Comic anlässlich der Theaterarbeit "Ultraworld" an der Berliner Volksbühne.

Foto: Julian Röder / M. Selg, Comic „Ultraworld“, 2020

Susanne Kennedys Blick auf die Welt: "Was mich überhaupt nicht interessiert, ist Ironie", behauptet sie. Doch die Ironie scheint sich für sie zu interessieren.

Foto: Franziska Sinn

Loslassen können ist eine Option. Vielleicht, um ein Frank zu werden. "Hello, Frank, are you awake?", fragt ein Mädchen aus dem Off einen Mann mit VR-Brille. Der meditiert in einer von Susanne Kennedy zusammen mit dem bildenden Künstler Markus Selg generierten "Ultraworld".

Selg hat uns eine Botschaft aus "Ultraworld" (siehe das Comic links auf S. 10) zur Verfügung gestellt.
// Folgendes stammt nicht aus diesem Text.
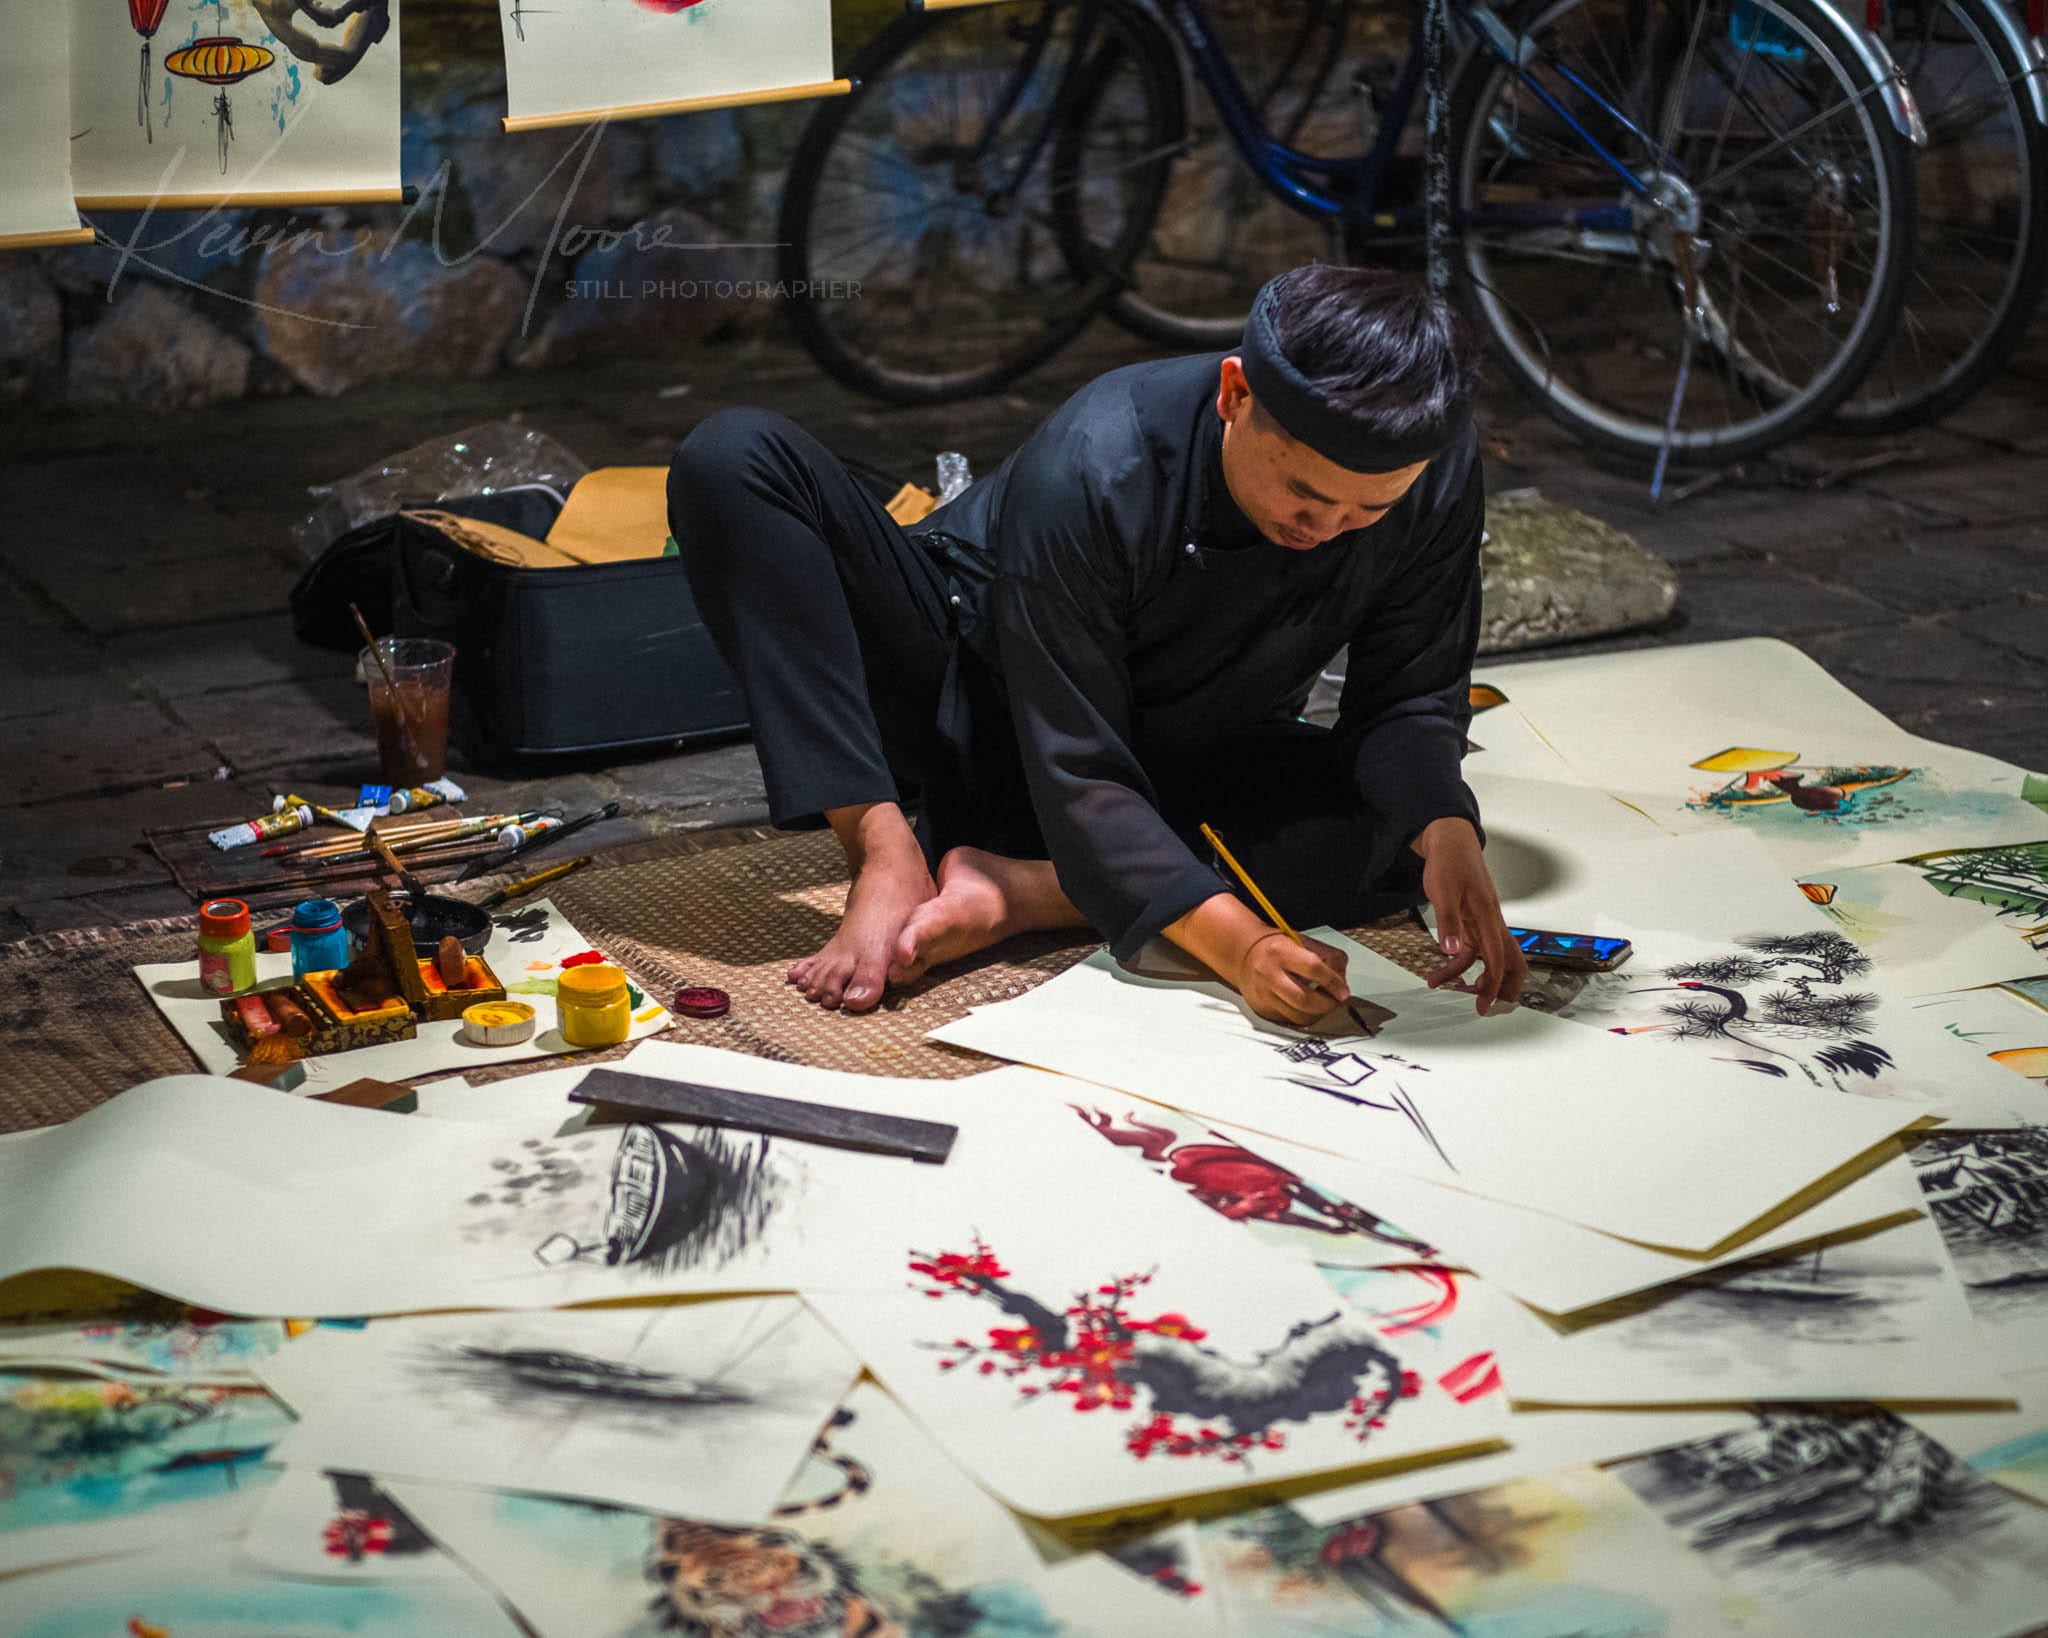 Traditional artist creating East Asian ink wash paintings in a public setting.

Darin gestattet er einen Blick auf jenen Ort, den das Künstlerduo in seinem jüngsten Werk als vorapokalyptische Cyberhalluzination vorgaukelt.

"Das Theater muss kosmisch sein", sagt Kennedy. Ihres ist auch komisch. "Come on, Frank, it’s time", heißt es, als Frank – im Promovideo für das Stück – abhebt und ins Pink eines letzten Tunnels gleitet, während die echte Welt draußen von einer höhnischen Sonne gedörrt wird.

Ist es noch kosmisch ...

Selg und Kennedy bereiten den Auftritt ihrer virtuellen "Welt" als Trip in ein psychedelisches Paradies auf. "Das Ziel dieser Reise ist Ekstase", schrieb Timothy Leary. "Falls dir Zweifel kommen, schalte den Geist ab, entspanne dich, lasse dich mit dem Strom treiben."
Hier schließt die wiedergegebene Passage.